- _Collected material_:
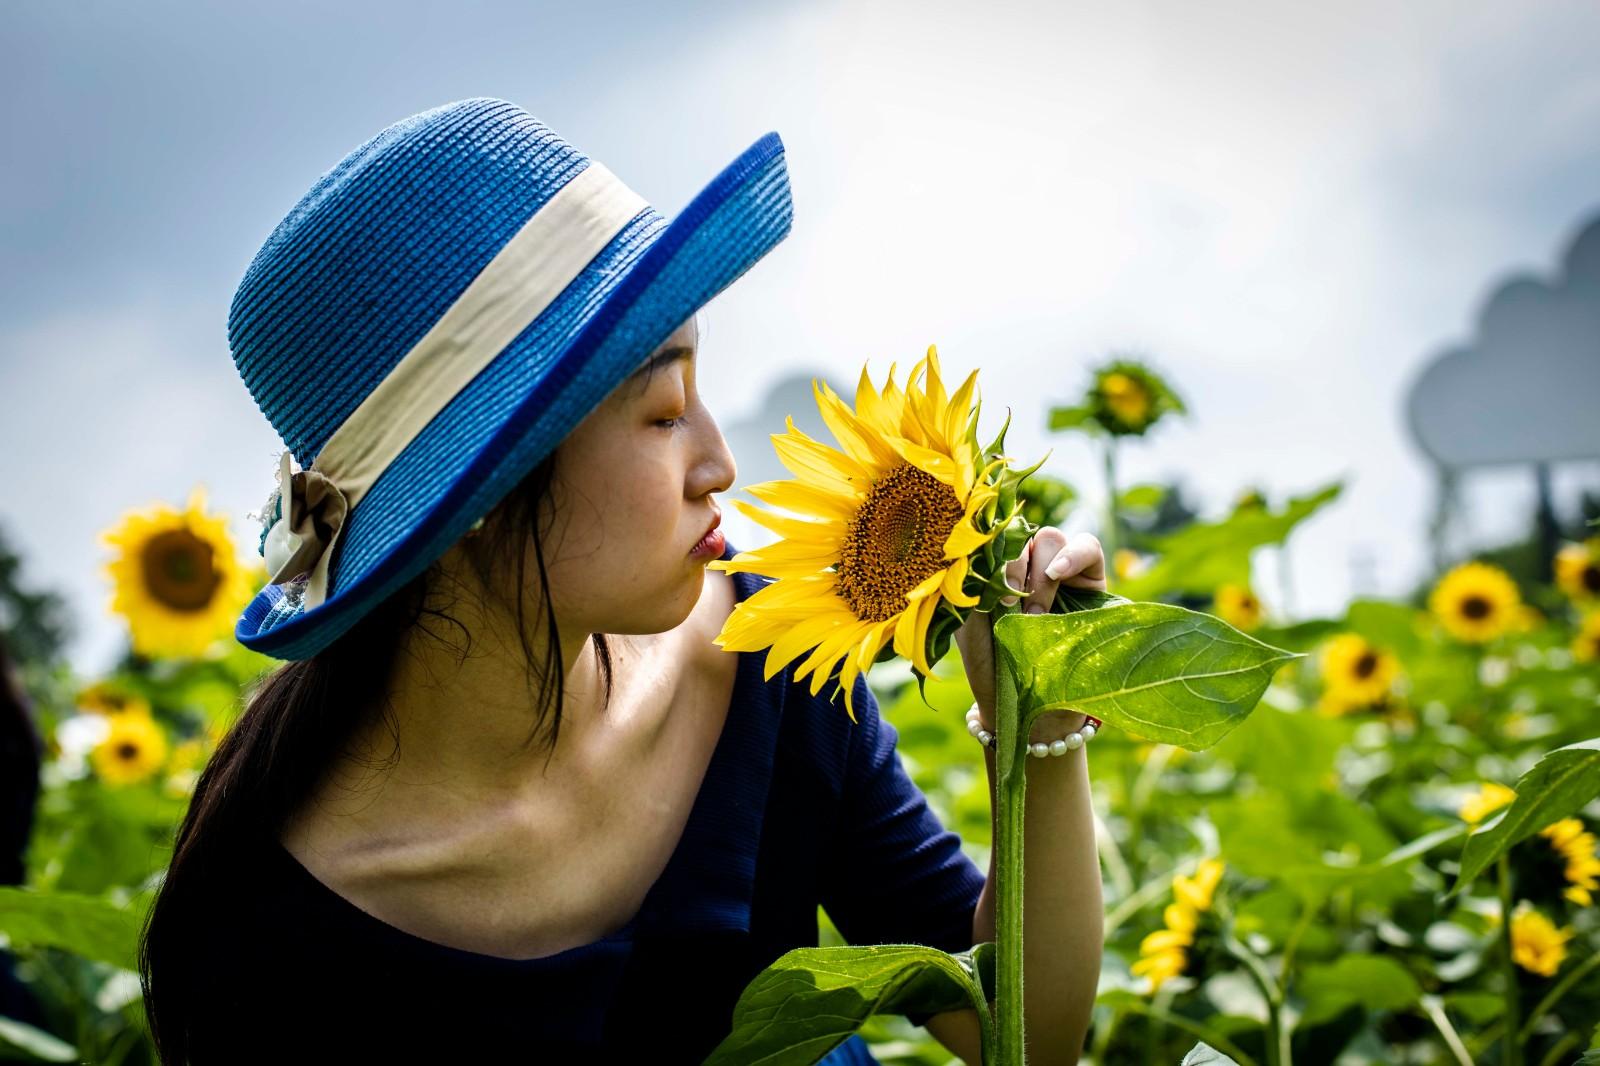 天府芙蓉园内的葵花与美女
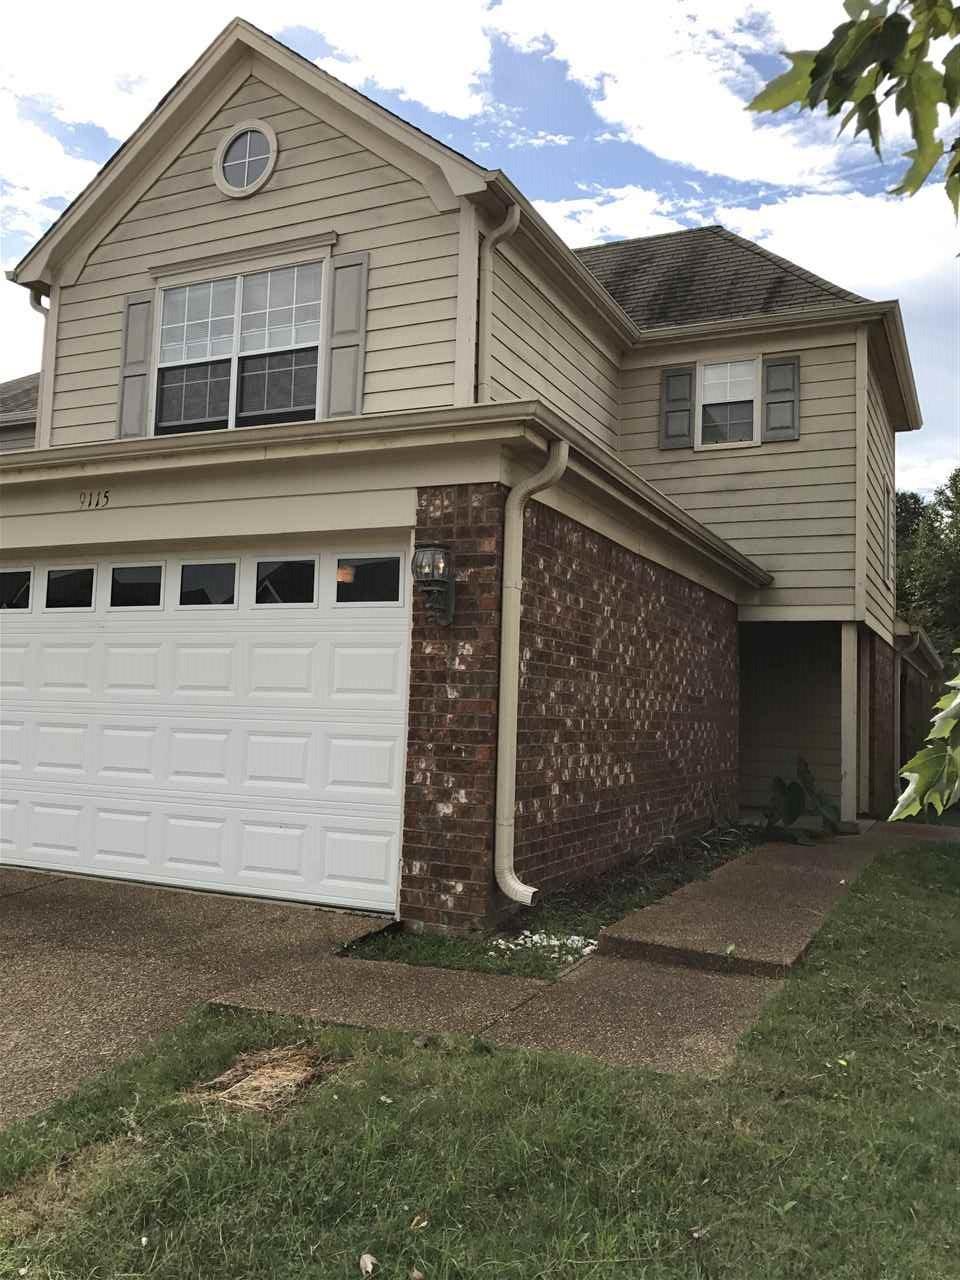 9115 W Cinderhill Memphis, TN 38016 - MLS #: 10012601
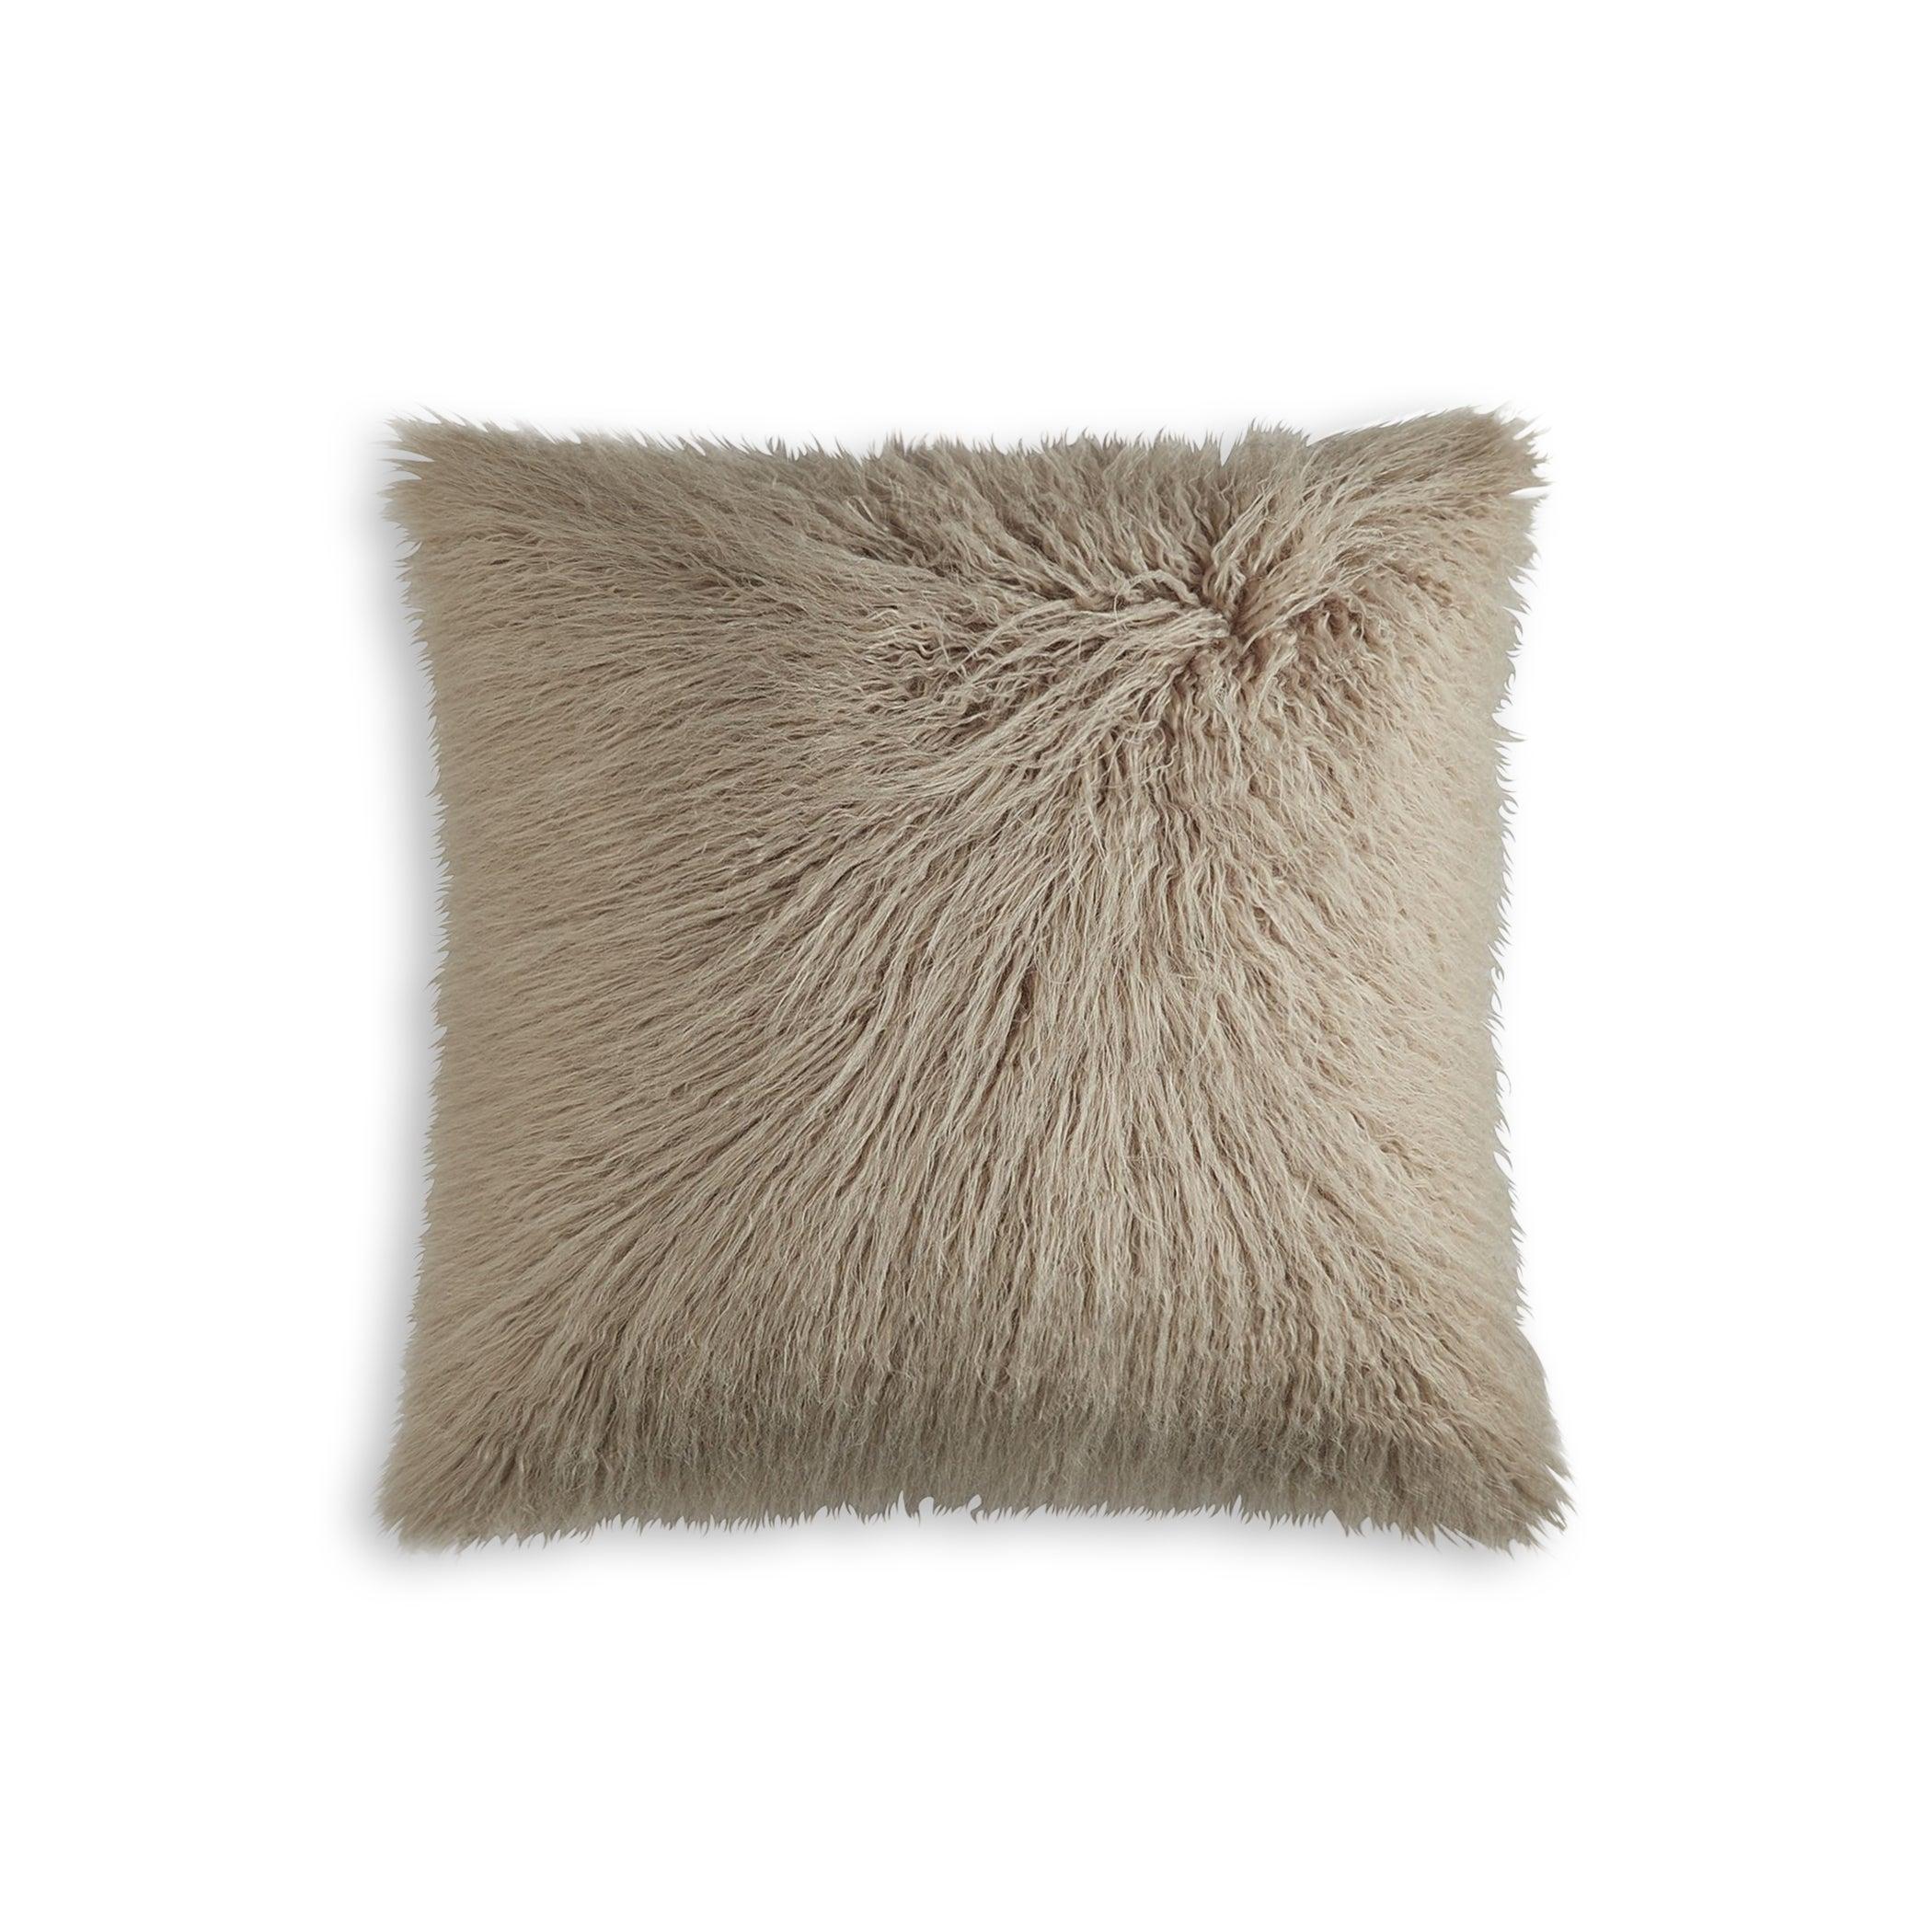 Luxefauxfur Frisco Mongolian Sheepskin Faux Fur Pillow Tan

- _Work request_: Would you retype each line above exactly and skip every image?

- _Task answer_:
 天府芙蓉园内的葵花与美女
 9115 W Cinderhill Memphis, TN 38016 - MLS #: 10012601
 Luxefauxfur Frisco Mongolian Sheepskin Faux Fur Pillow Tan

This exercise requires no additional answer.